Маркушка от этих разговоров испытывал неприятное волнение и страшно завидовал Пестерю и Кайло, которые могли получить удовлетворение оскорбленной чести; а он должен был оставаться безучастным зрителем этой драмы. Курсы полдневских женщин действительно поднялись на небывалую высоту в силу того экономического закона, по которому превышение спроса увеличивает цену предметов потребления. Но Маркушка, как Пестерь и Кайло, совсем были незнакомы с основными аксиомами политической экономии и одинаково были далеки как от христианского смирения, так и от безропотного повиновения железным законам природы.

– Вы их заманите обманом… – советовал несколько раз Маркушка.

– Нейдут, шельмы!.. Пестерь обещал Домашке новый сарафан, да нейдет.

Маркушка опять волновался. Его воображение мучили самые ревнивые картины, перед которыми отступала на мгновение даже мысль о смерти. А смерть стояла за плечами… Маркушка чувствовал ее приближение своим немевшим разбитым телом. Наступление весны убеждало его в этом еще более. Когда и в его лачугу заползал солнечный луч, долго игравший на грязном полу, Маркушка чувствовал, что никакому солнцу уже не согреть его, как чувствовал то, что последний запас жизненной силы уйдет от него вместе с вешней водой. Эта вешняя вода и пугала и радовала его. Лежа с закрытыми глазами, Маркушка часто испытывал совершенно особенное чувство: его именно подхватывала эта вешняя вода и с увеличивающейся быстротой начинала нести вперед, как несет пловца быстрая река. Кругом Маркушки неслось все, и он просыпался с глухим стоном и, как утопающий, с радостью коснеющими руками хватался за впечатления действительности. С наступлением весны эти мучительные сны стали повторяться чаще, стоило только Маркушке закрыть глаза. Вода журчала на полу его лачуги, пенистые валы разбивались о стены, на улице бушевал бурный клокочущий потоп, и беспощадная стихийная сила подступала все ближе и ближе, подмывая существование Маркушки. Даже открыв глаза, он долго не мог освободиться от страшных звуков: вода продолжала у него журчать в ушах и точно переливалась в самом мозгу.
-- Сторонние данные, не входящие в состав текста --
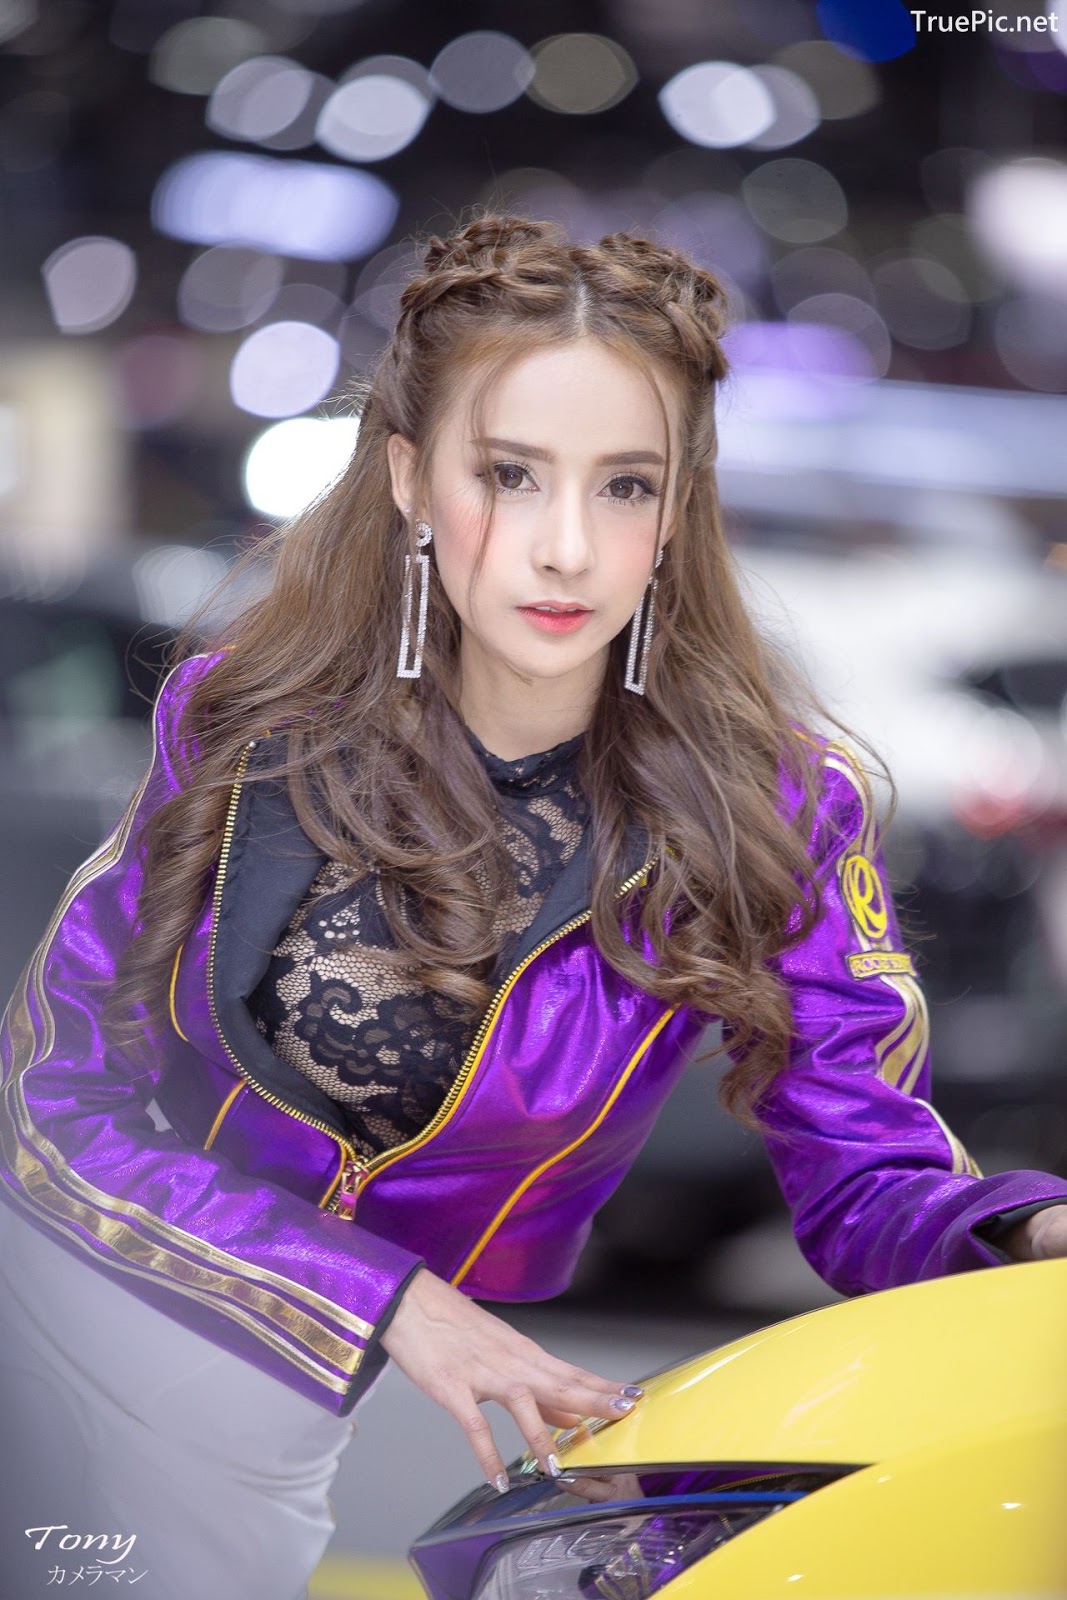 Image-Thailand-Hot-Model-Thai-Racing-Girl-At-Motor-Expo-2019-TruePic.net- Picture-88
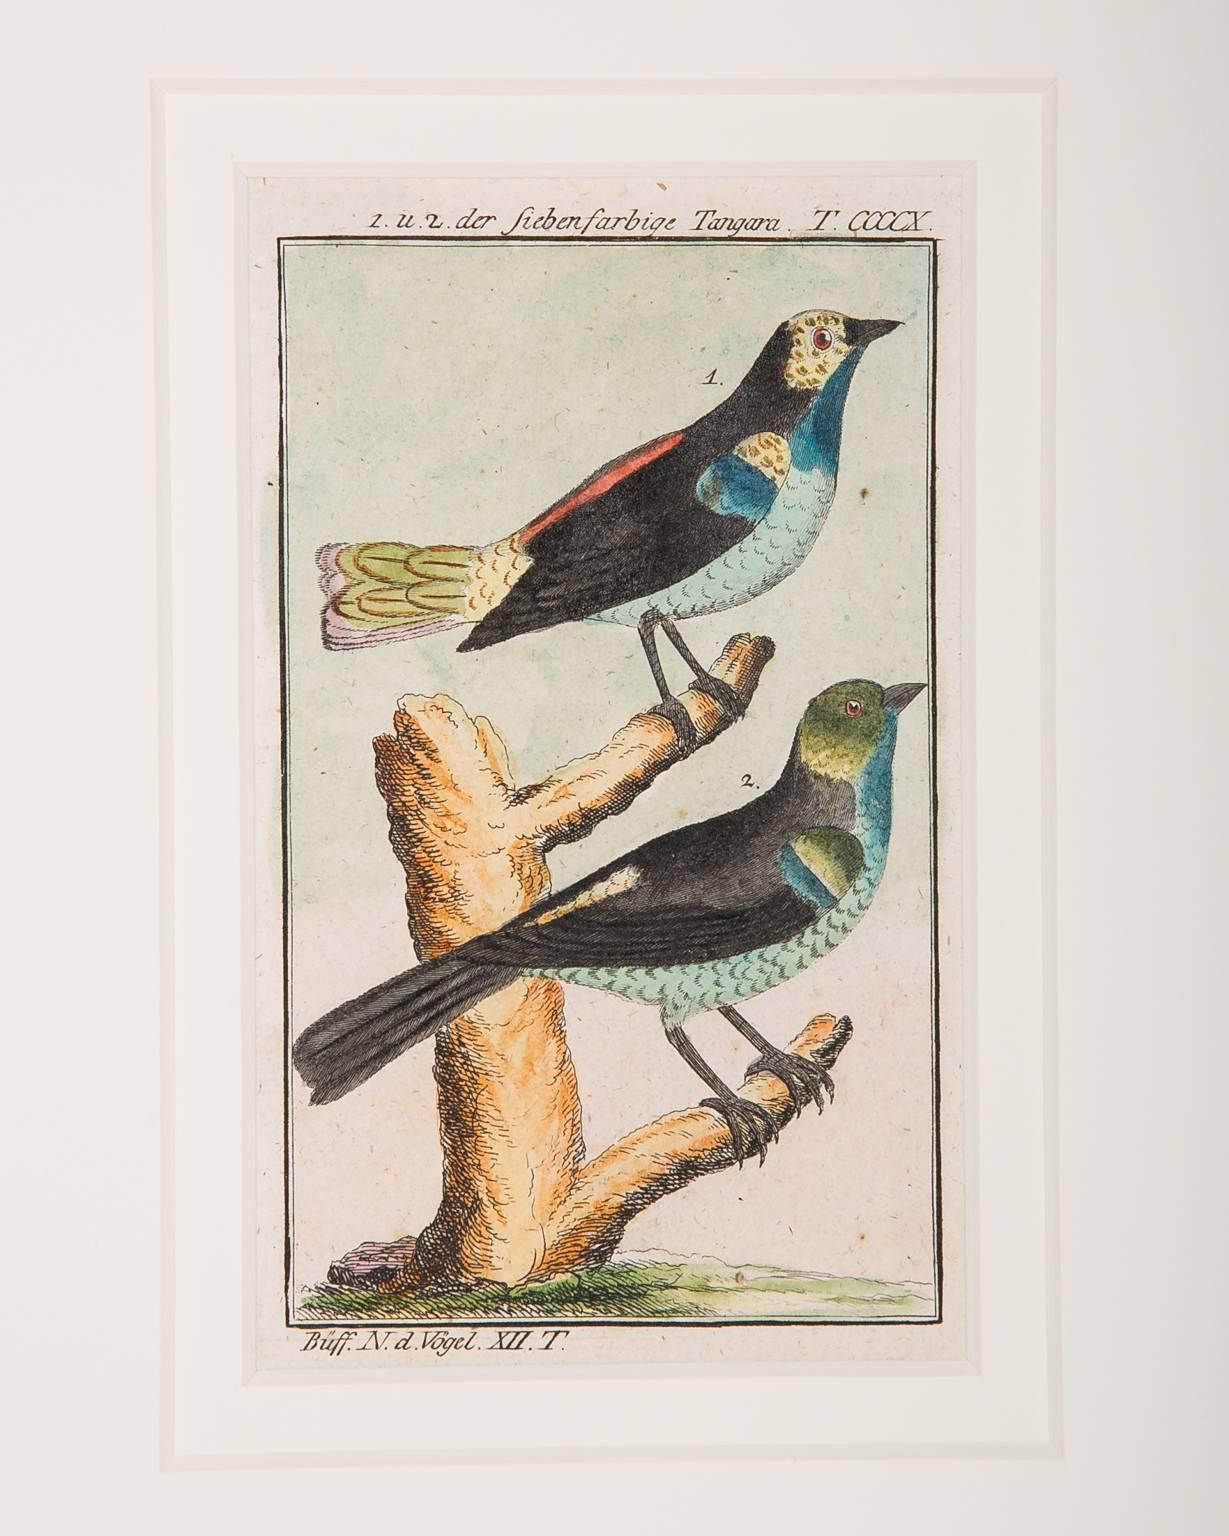 Hundreds of individual bird scenes captured on paper in the style of the Audubon bird engravings. These small, gem like, hand-colored engravings of birds represent the rare and compelling the ornithological drawings of the influential ornithologist,

С другой стороны, Маркушка страстно желал, чтобы вода скорее тронулась с гор: дотянуть до этого момента было его заветной мечтой. Только бы стаял снег и высыпала первая травка по проталинкам. Маркушка чувствовал обновляющуюся природу, как чувствовал и то, что сам он не может принять участия в этом обновлении, и каждую минуту готов был отлететь в сторону, отвалившись мертвым куском от общей живой массы, совершившей установленный круговорот. Какая-то страшная сила выталкивала его за черту органического существования, в темное безграничное пространство, ужасавшее его своим бессознательным существованием.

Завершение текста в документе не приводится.